▶ _Task to carry out_:
Retype the listing below line for line, but only from the line with "Mount_Baker_sunset-c48" down to the line with "Event tie black what to wear men", inclusive. Pictures stay out.

··· Recorded information ···

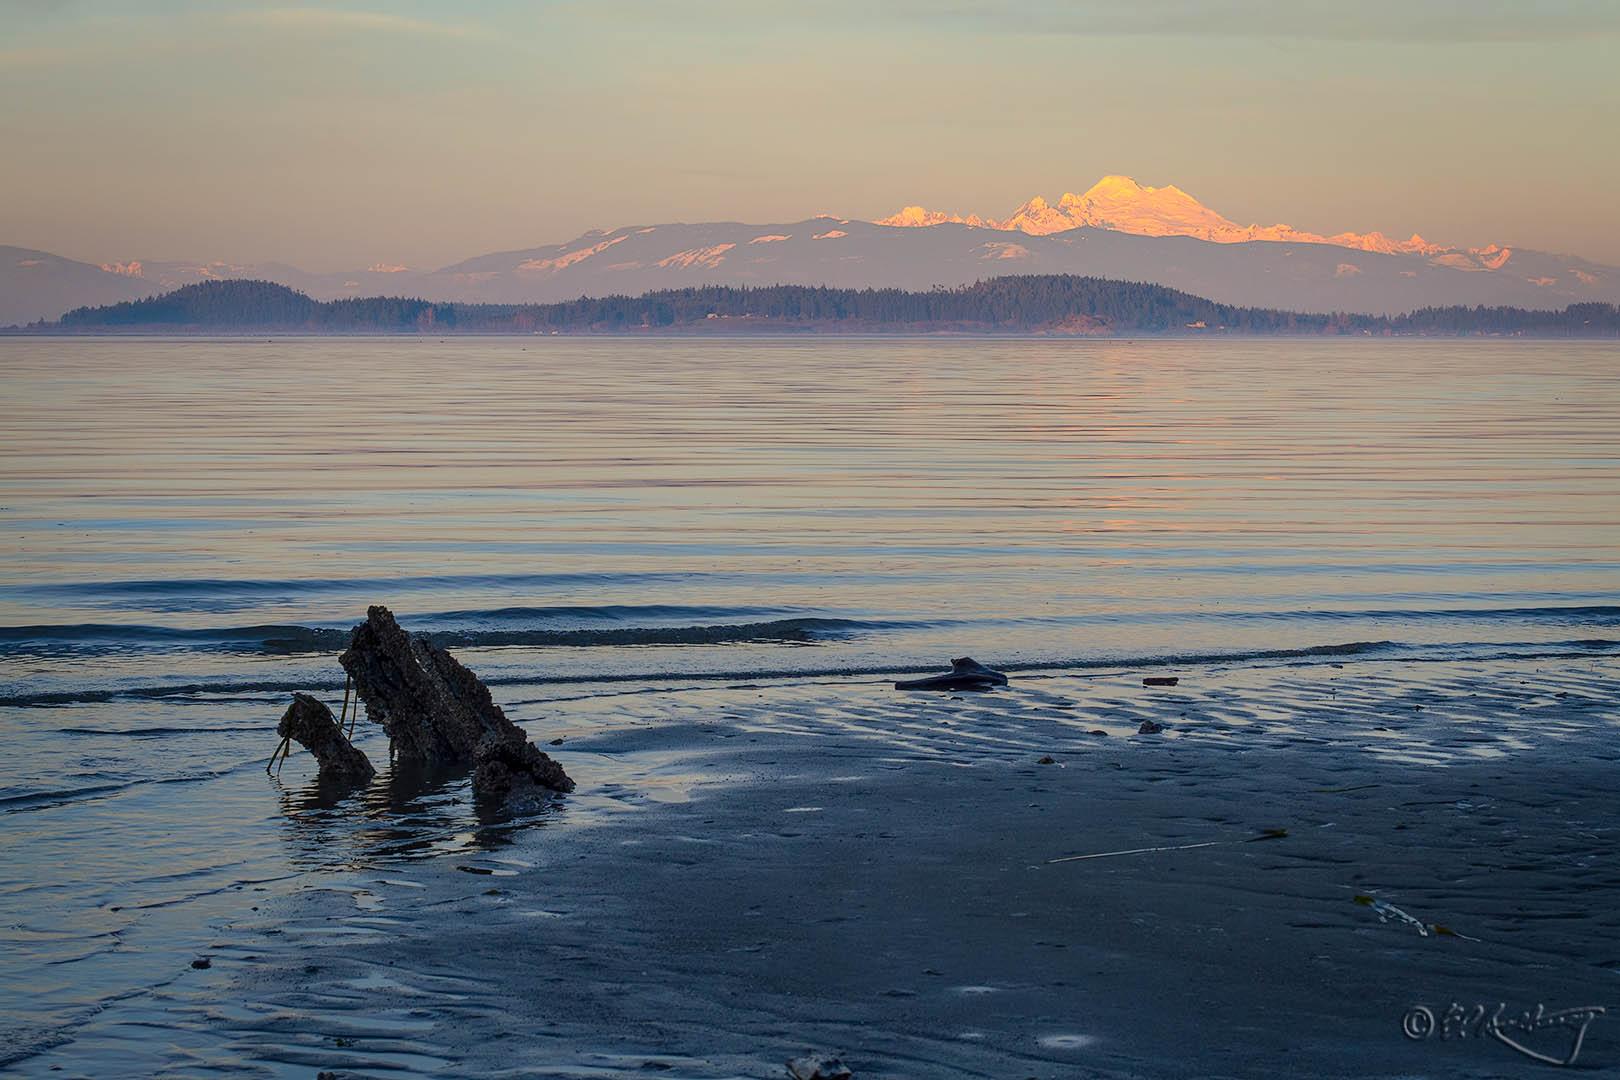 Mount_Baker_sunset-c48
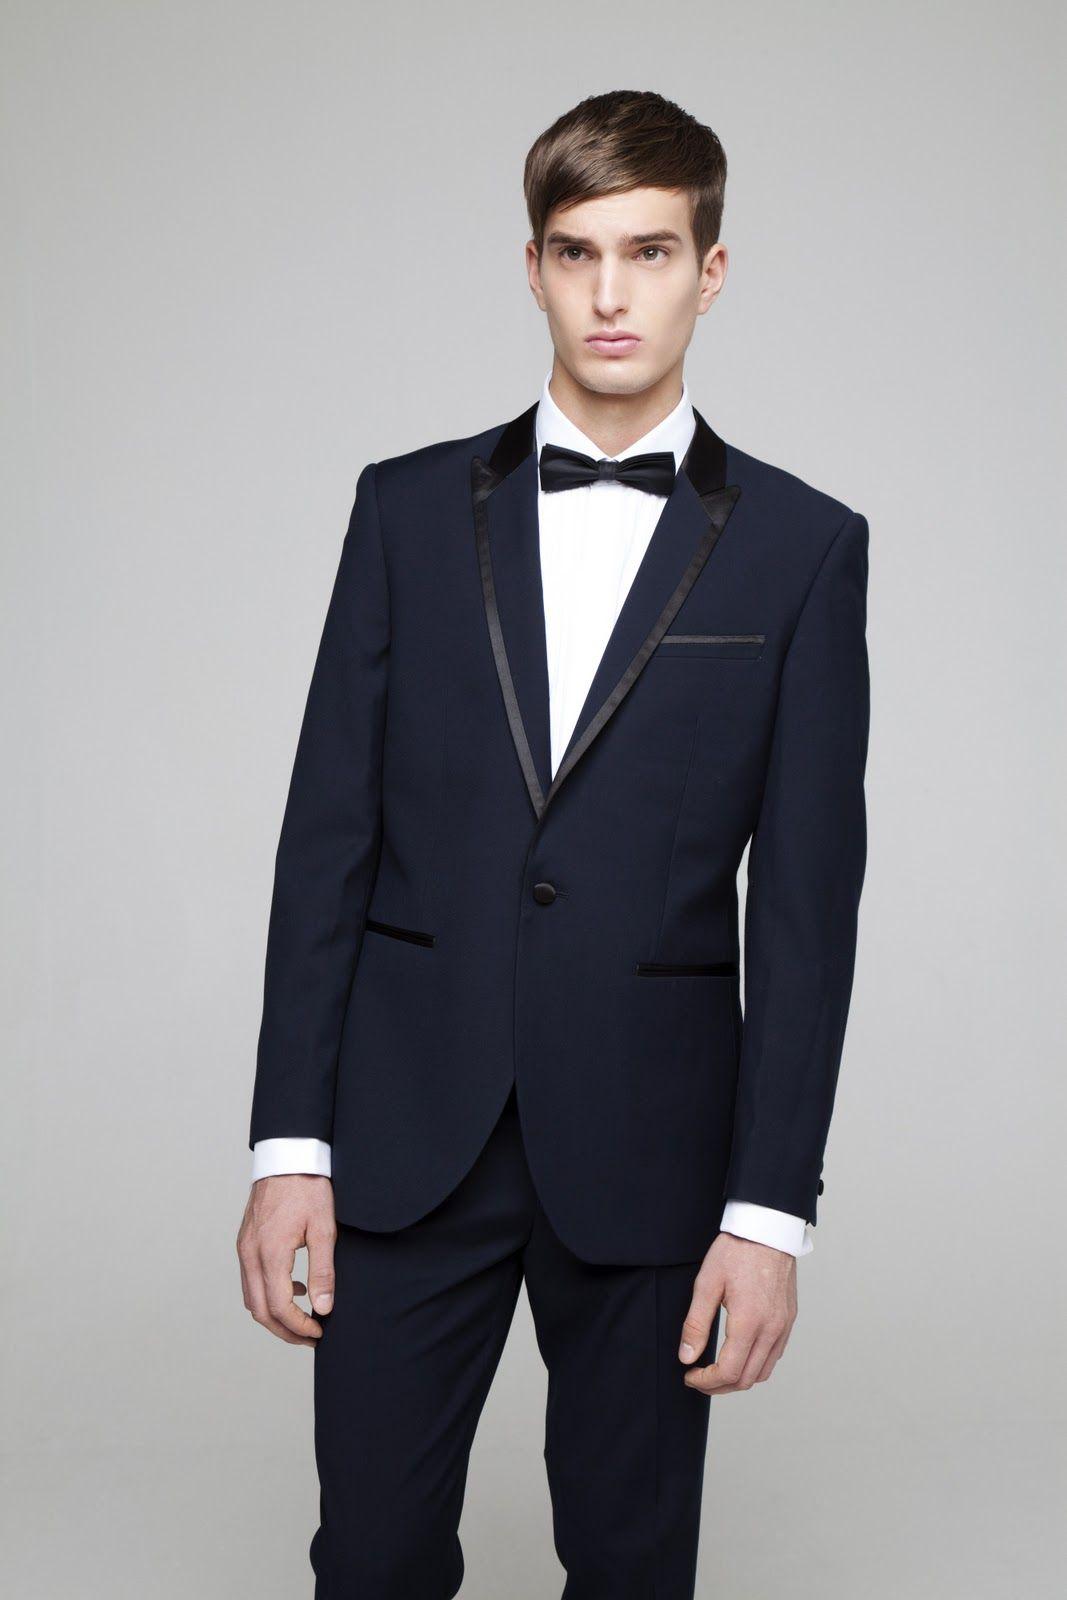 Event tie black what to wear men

···
··· Recorded information ···

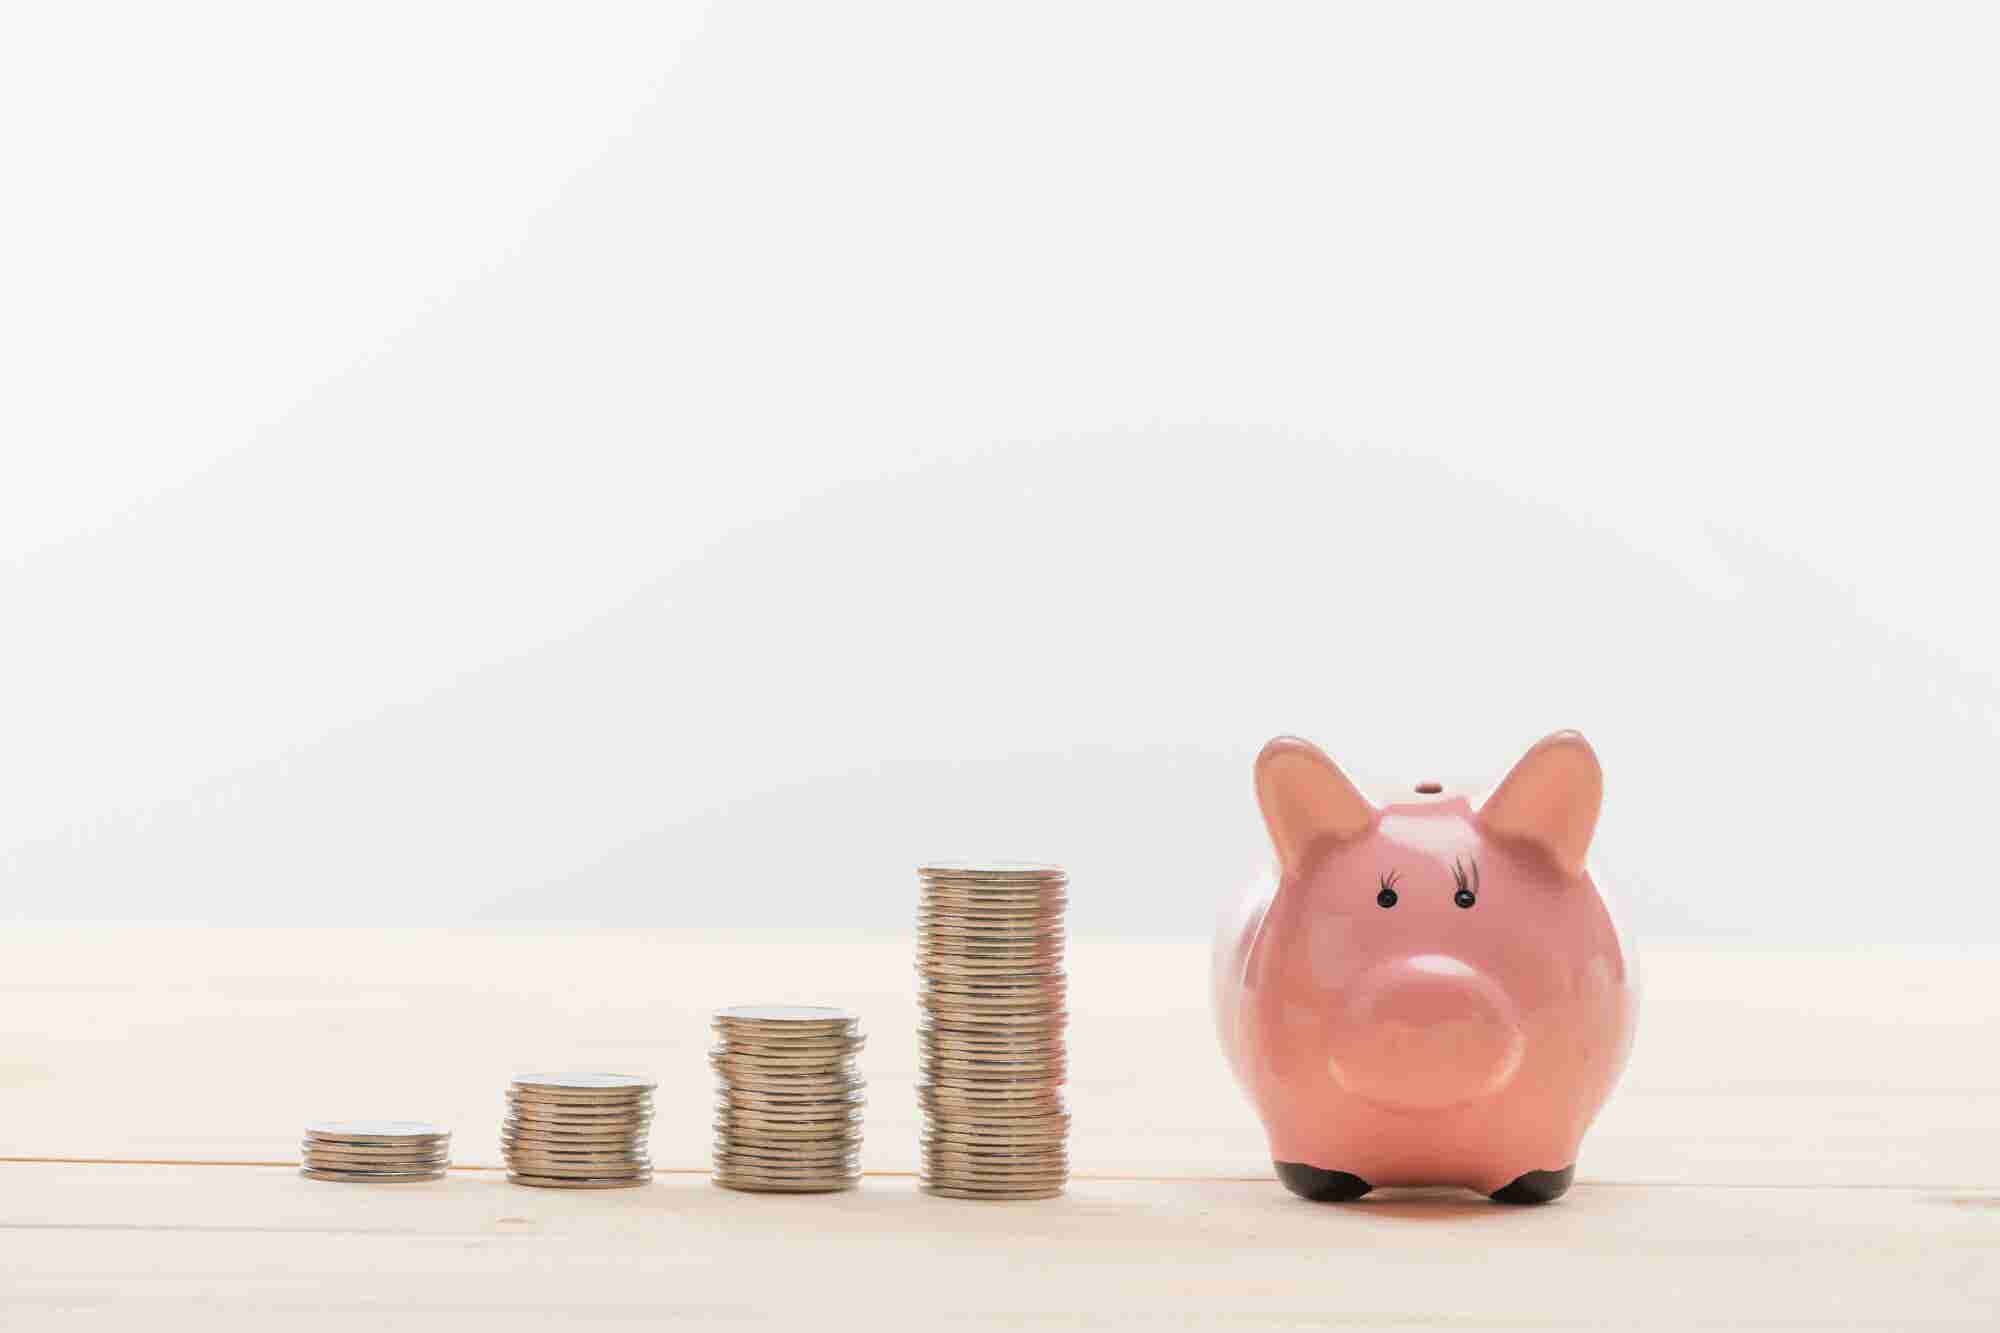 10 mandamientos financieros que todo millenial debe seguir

···

▶ _Worked solution_:
 Mount_Baker_sunset-c48
 Event tie black what to wear men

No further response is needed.